EXERCISE DATA:
----
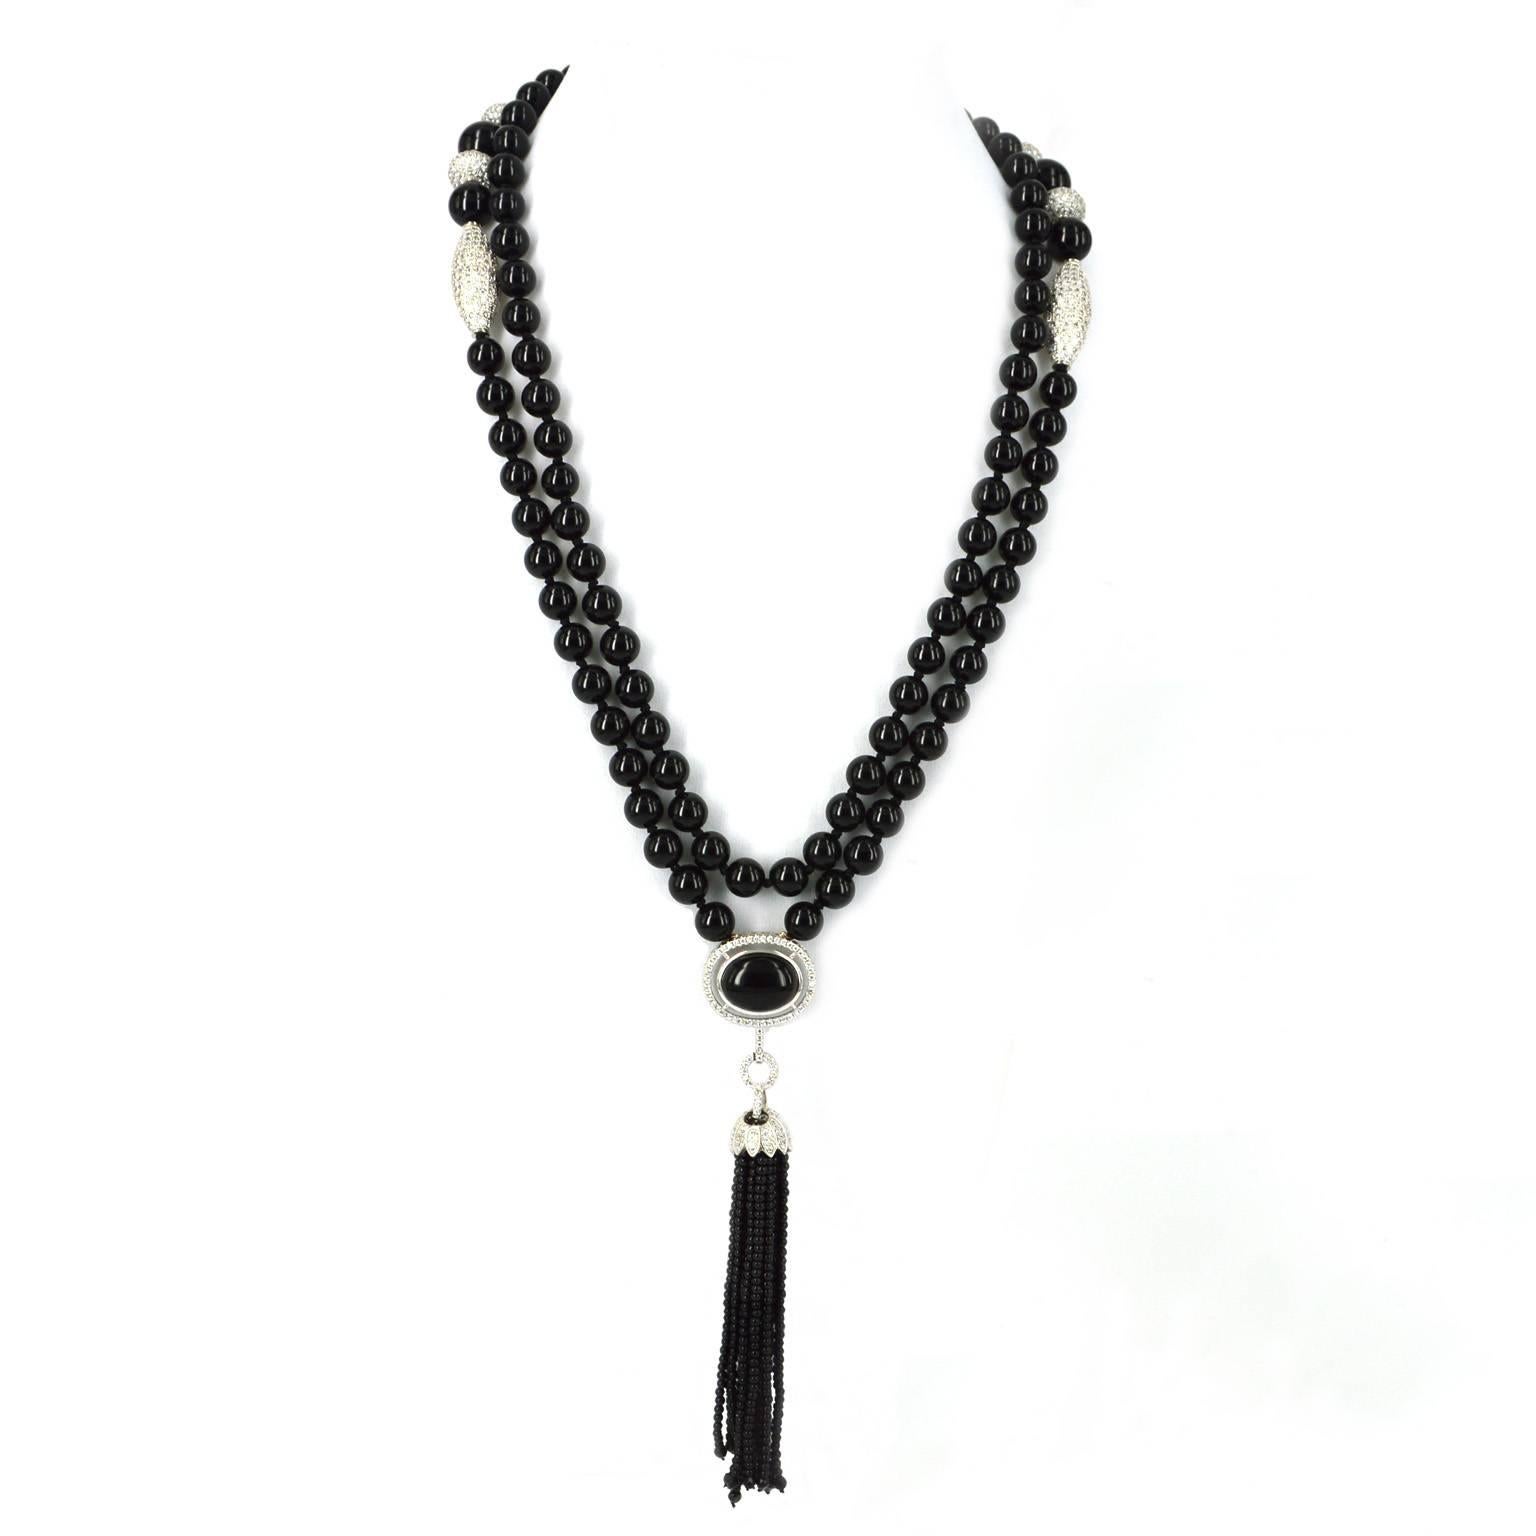 Art Deco inspired long necklace.
8mm round polished Onyx and Rhodium plated CZ beads. Hand made onyx tassel made from 2mm polished round onyx. A stunning Onyx and CZ feature above the tassel. Tassel length 90mm from cap.
Total necklace length
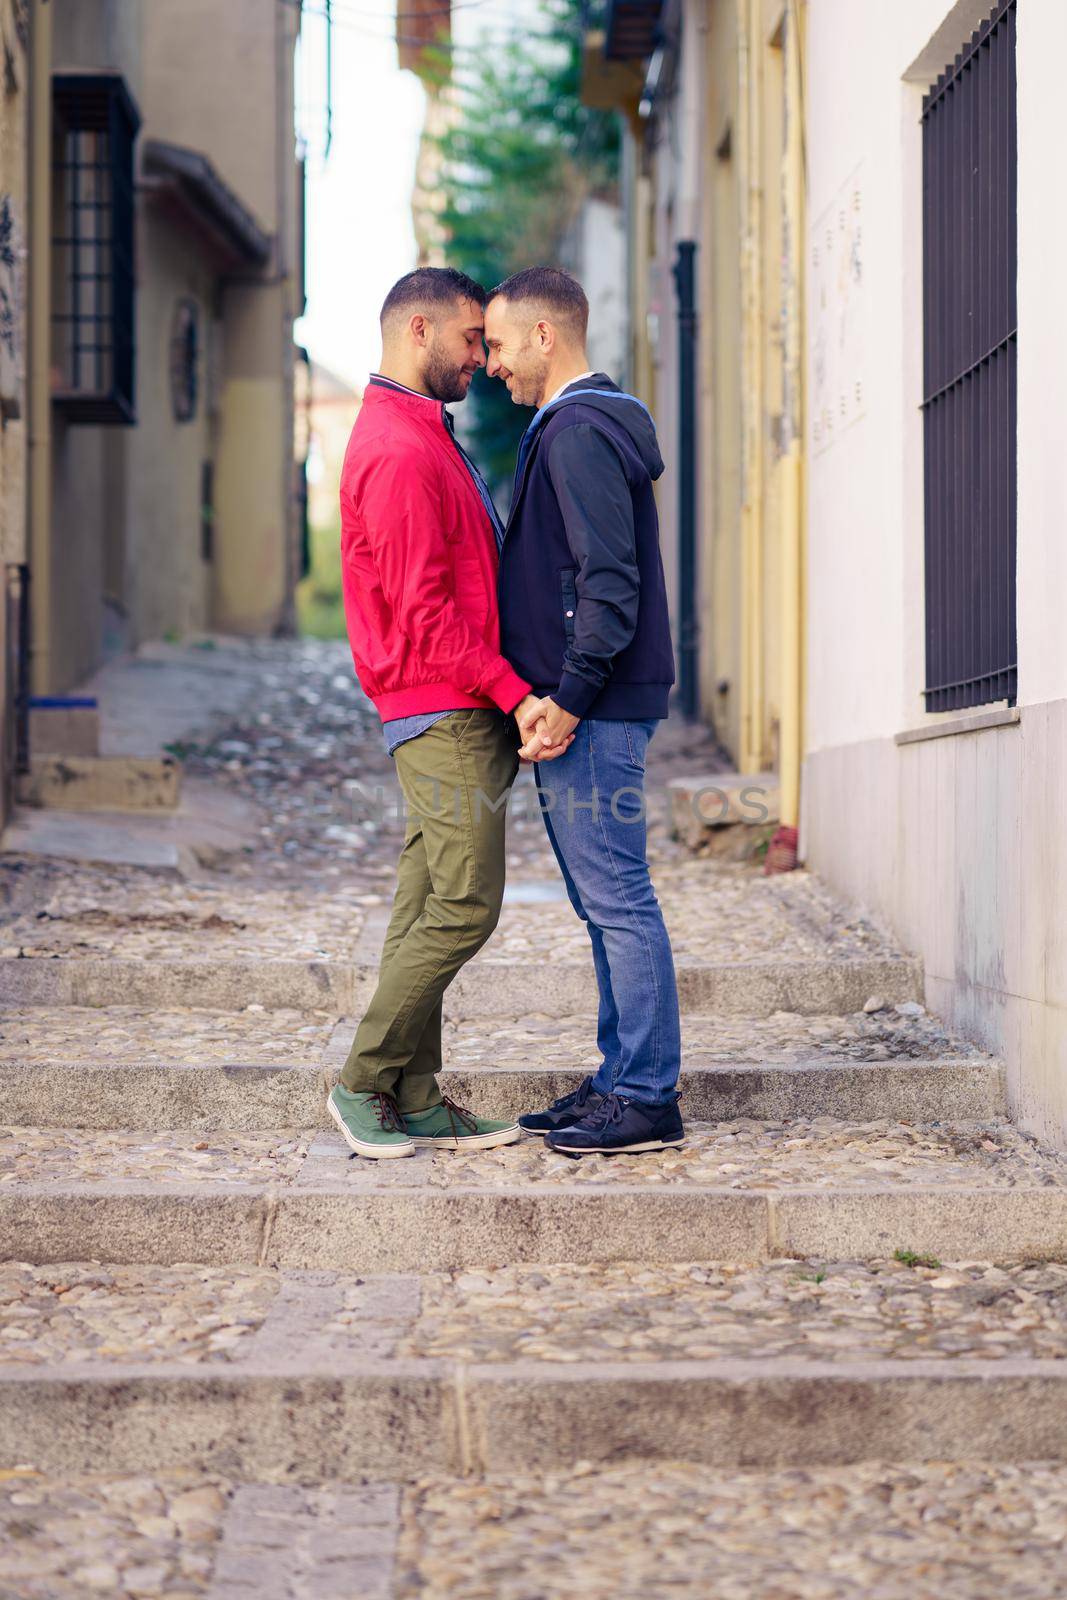 Gay couple in a romantic moment in the street. by javiindy
----
ACTIVITY: Reproduce every line of the material above, but drop the pictures.

RESULT OF THE EXERCISE:
 Art Deco inspired long necklace.
8mm round polished Onyx and Rhodium plated CZ beads. Hand made onyx tassel made from 2mm polished round onyx. A stunning Onyx and CZ feature above the tassel. Tassel length 90mm from cap.
Total necklace length
 Gay couple in a romantic moment in the street. by javiindy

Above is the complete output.